Aggressive buyers are finding some simply terrific deals. And they're paying with cheap debt, too.
---------------------------------
Mr. Arends is saying that maybe we haven't quite reached the bottom on average, but there are probably some neighborhoods out there that have reached the bottom. I believe this is especially true for lower-income housing which had the biggest rise and fall in housing prices. Much of the low-income housing became a speculator's paradise during the boom years, and many of these homes became detached from the incomes that people would normally make in these neighborhoods. Now that we are a couple years into the bust period, these houses have declined the most on a percentage basis. Middle- and upper-income housing also rose significantly during the boom years and have come down during the bust, but not as large an amount on a percentage basis as low-income housing. You can see this in areas like Manassas, VA and Woodbridge, VA, where housing prices have plummeted but sales are way up compared to last year. This likely means that housing prices in these areas don't have much further to fall.
My advice?
------------------------------
So let me play devil's advocate and consider the positive case for buying a home right now.
The key factor: Interest rates.
If you can borrow at 4.5% or 5% over 30 years, many purchases start to look appealing. Especially if we get a hefty dose of inflation down the line.
If that happens, your monthly payments will be low and you'd get to repay the principal over time with devalued dollars. That's a double win.
Inflation isn't guaranteed: The bond markets are only predicting about 1.4% inflation over the next 10 years, and BCA Research recently reminded clients that deflation, or falling prices, remains a danger. Unemployment is still rising and recent wages actually fell.
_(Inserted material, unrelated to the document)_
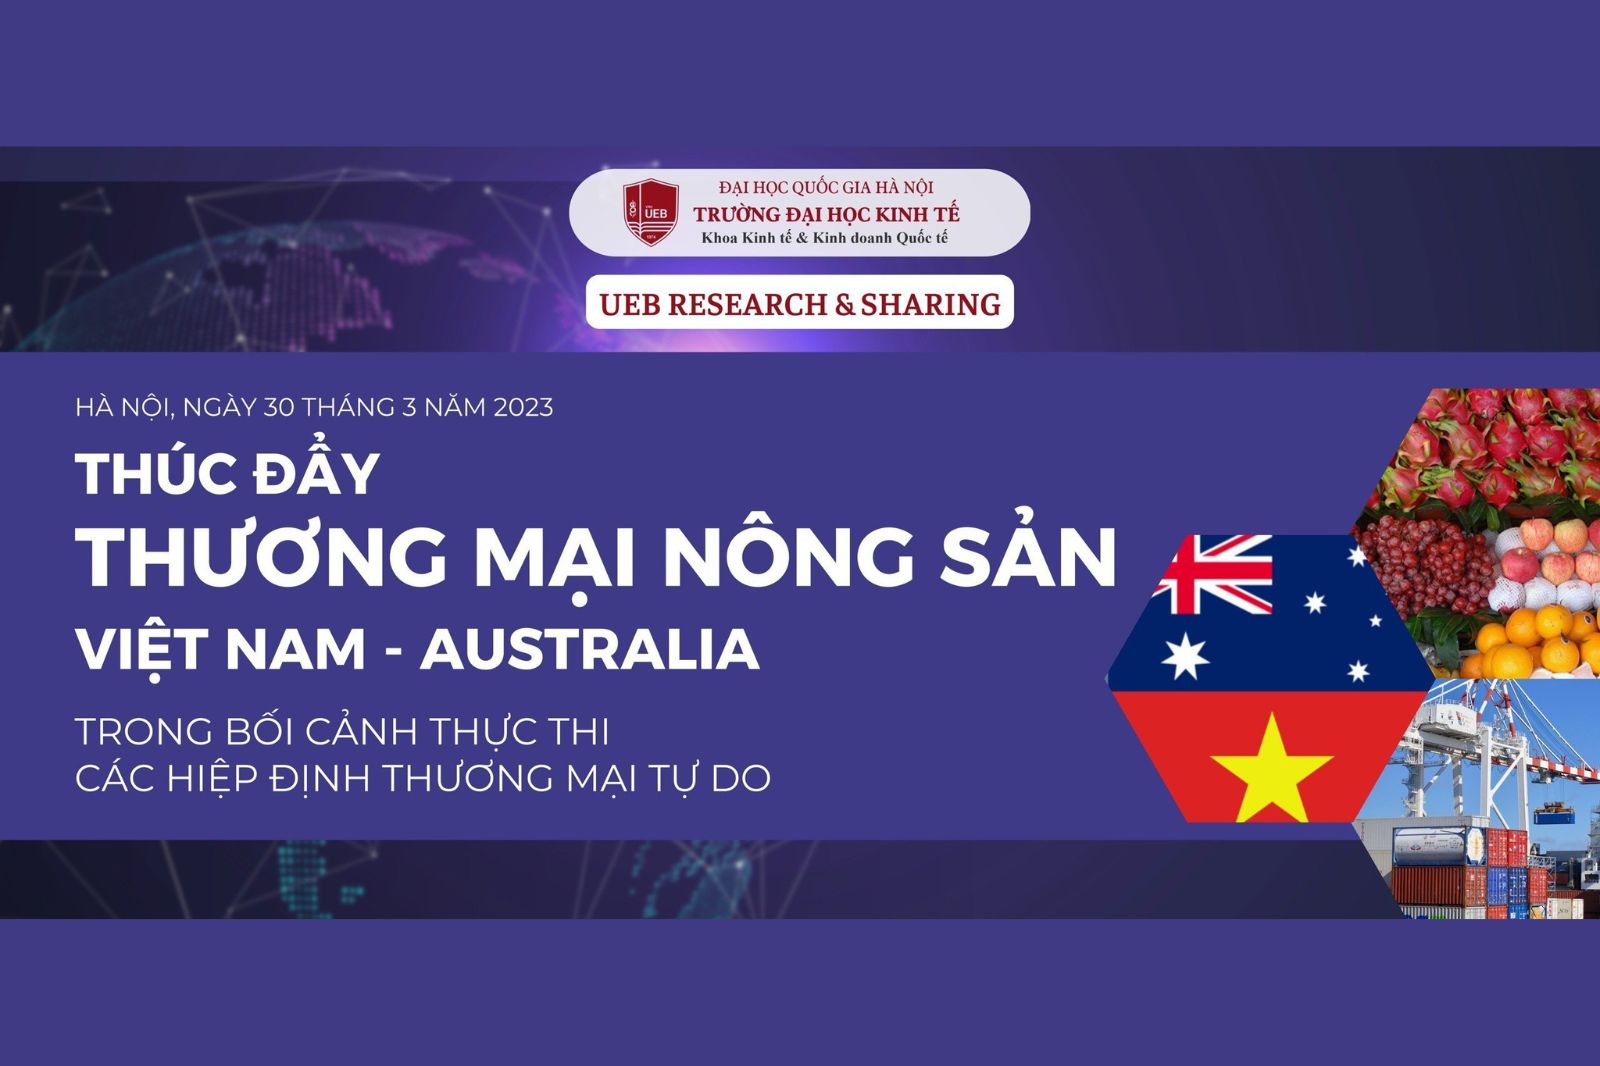 Tham gia hội thảo khoa học “Thúc đẩy thương mại nông sản Việt Nam - Australia trong bối cảnh thực thi các Hiệp định thương mại tự do”
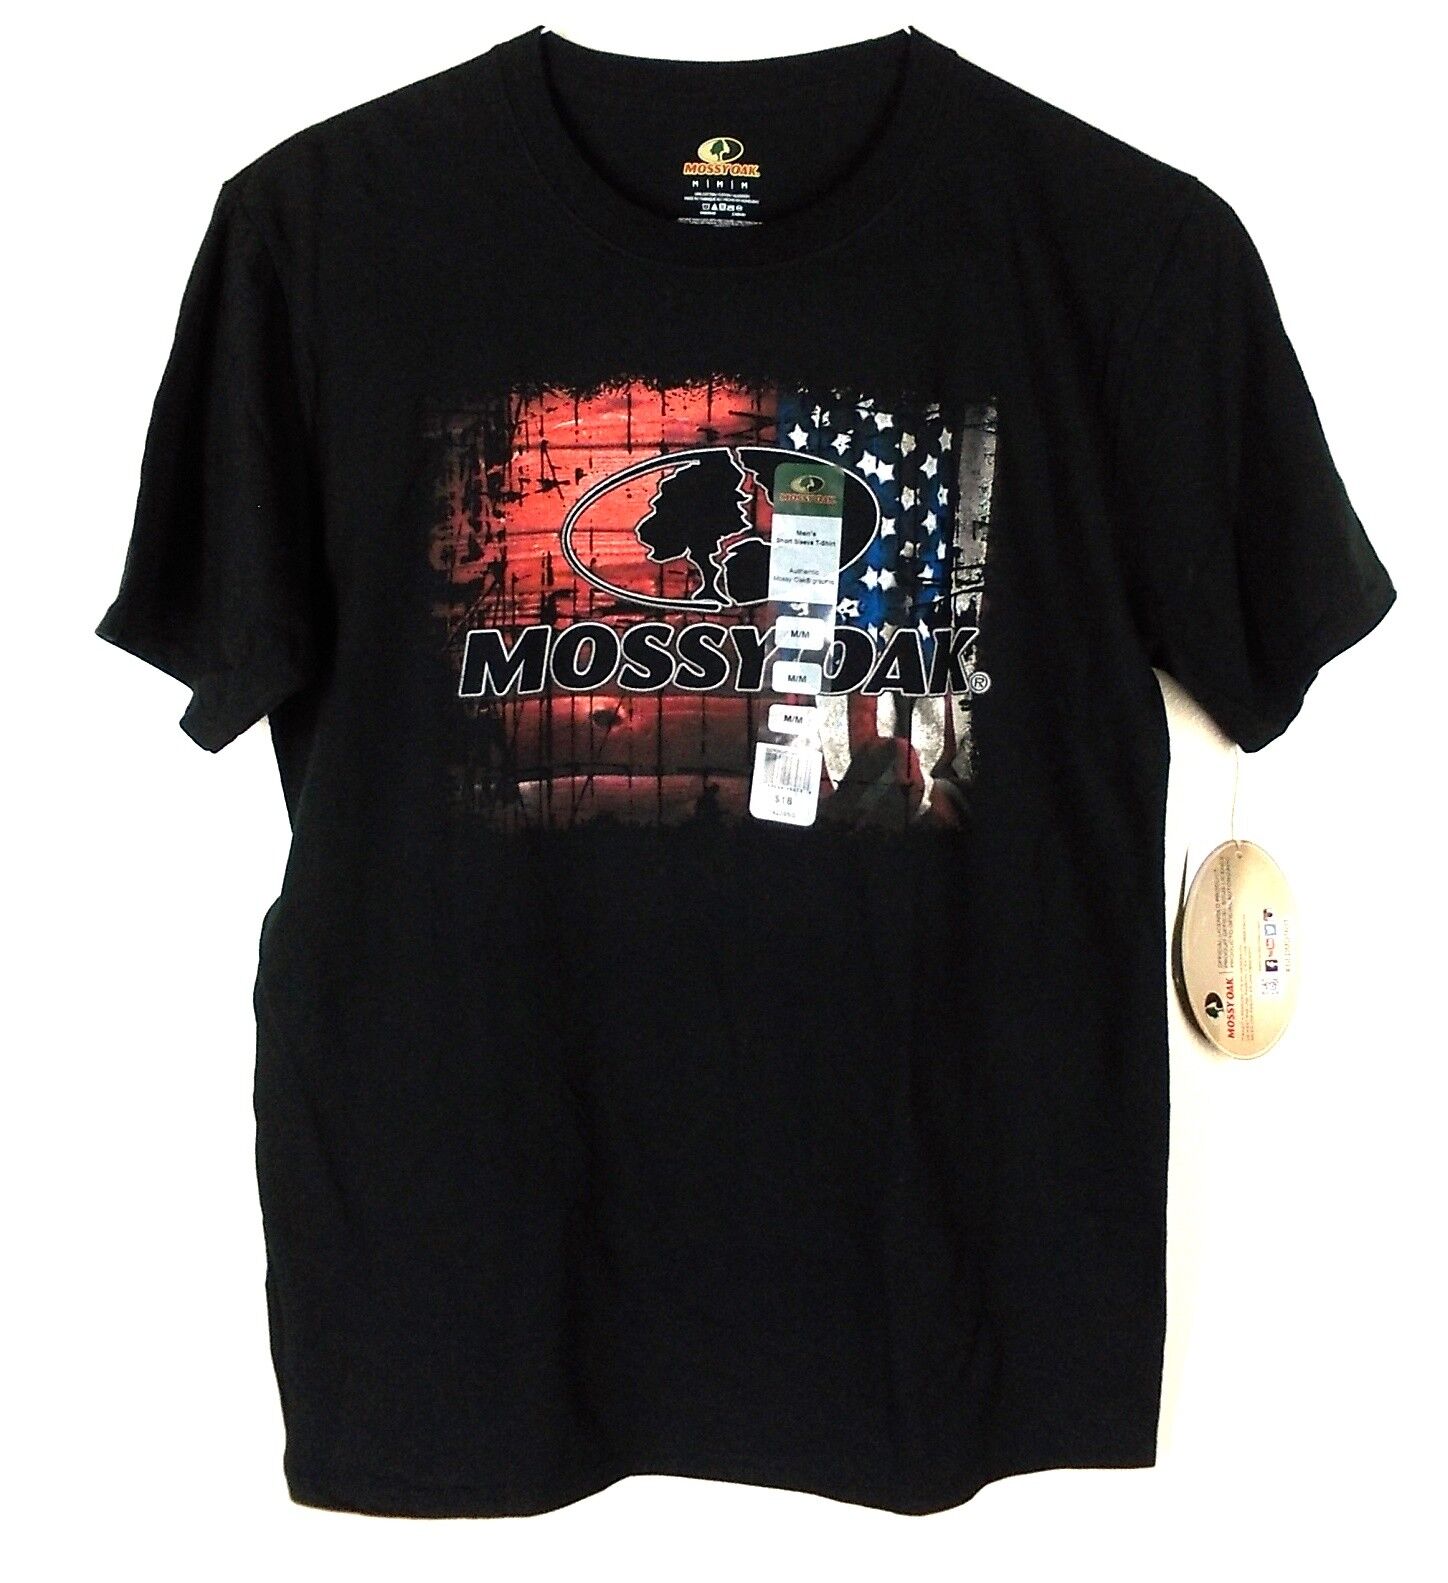 Mossy Oak Men's Short Sleeve T-Shirt Size M Authentic Graphic Black Patriotic

Yet if you had to bet from here, you'd bet on inflation in due course. The government is running massive deficits and has the printing presses at full throttle. That's the classic recipe.
And inflation is the debtors' friend -- which is why it is surely going to prove the politically expedient way out of this mess.
Anyone purchasing hard assets like real estate, with a 5% fixed rate loan, ought to make good money if that happens.
-----------------------------
First of all, I want to mention that I am a frequent reader of Brett Arends' series of "R.O.I." articles. I think he offers decent advice with a touch of skepticism, and much of his advice is grounded in common sense.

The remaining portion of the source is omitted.